For people who know that they don’t eat enough fruits and vegetables, make sure you talk with your doctor before walking down the vitamin aisle. There are hundreds of options on store shelves and a physician can help you decipher what will work best for you. Talking to a pharmacist once you get to the store can also be helpful — that is, after all, why they’re there, Lucas said.
When looking for a multivitamin, don’t assume anything and know that if something sounds too good to be true, it most likely is, according to a Food and Drug Administration vitamin tip sheet on its Web site.
Lucas also cautions people to be leery of infomercials and other advertisements that make outrageous claims — the vitamin world is part of a business and people are out to make money. Manufacturers can make such claims without FDA authorization. The FDA oversees safety, manufacturing and product information on dietary supplements, according to the FDA Web site.
For nearly 20 years, Lucas took extra vitamins E and C. He, like many others, hoped they would help him lead a healthy, more energized life. But he doesn’t take those anymore.
To him, there just isn’t enough information to prove that taking these vitamins make a difference for the average person who eats a balanced diet and has an active lifestyle.
"They’re almost religious about it," Lucas said of people who take many vitamins each day. "My viewpoint is, you might be right, but there’s no proof that you are."
Look to foods before vitamins
Foods that have some of the vitamins you need:
Folate or folic acid: Eat cereal, grains, dark, leafy vegetables and whole-grain breads. Recommended daily allowance for adults is 400 micrograms. Helps prevent birth defects during pregnancy.
Niacin: Eat meat, fish, poultry and bread products. Recommended daily allowance for adults is between 14 and 16 milligrams depending on sex and age. Can help reduce cholesterol levels in the blood.
Riboflavin: Eat milk, bread products and fortified cereals. Recommended daily allowance for adults is 1.1 to 1.3 milligrams depending on sex and age. Can help with energy levels and mood.
Thiamin: Eat whole-grain products, bread and bread products and ready-to-eat cereals. Recommended daily allowance for adults is about 1.2 milligrams. Helps with nervous system functioning.
Vitamin A: Eat dairy products, fish, fruits and leafy vegetables. Recommended daily allowance for adults is between 700 and 900 micrograms. Helps with vision and bone growth.
Vitamin B6: Eat fortified cereals and organ meats. Recommended daily allowance for adults is between 1.3 and 1.5 milligrams a day, depending on sex and age. Might help lower the risk of heart disease.
Vitamin B12: Eat meat, fish and poultry. Recommended daily allowance for adults is about 2.4 micrograms. Helps with nervous system functioning.

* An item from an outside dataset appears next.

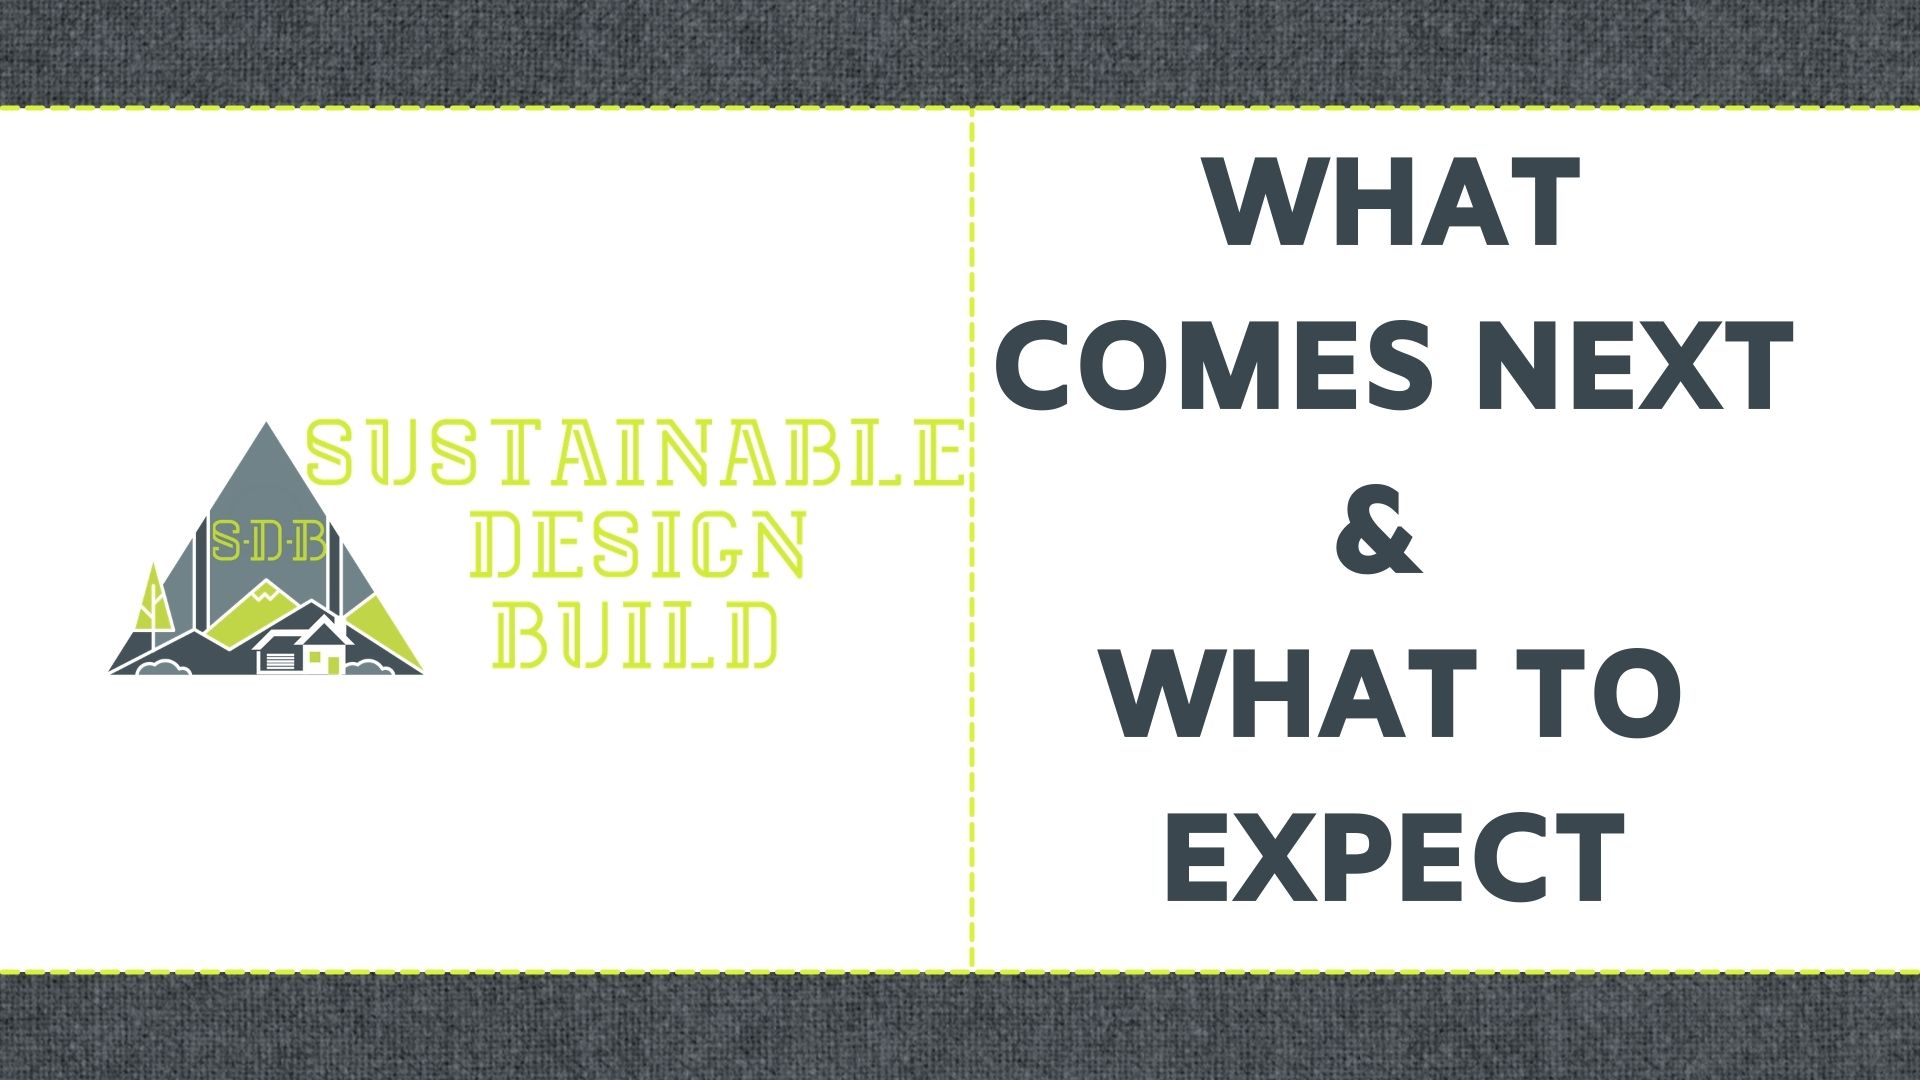 Working with sustainable design build

Vitamin C: Eat citrus fruits, juices, potatoes and vegetables. Recommended daily allowance for adults is between 75 and 90 milligrams a day, depending on sex and age. Helps with formation of bones and teeth.
Vitamin D: Eat fish, eggs and milk. Recommended daily allowance for adults is between 5 micrograms and 15 micrograms a day depending on sex and age. Promotes bone health and helps prevent against osteoporosis.
Vitamin E: Eat grains, nuts, fruits, vegetables and meats. Recommended daily allowance for adults is about 15 milligrams. May help fight some forms of cancer, but that is still being studied.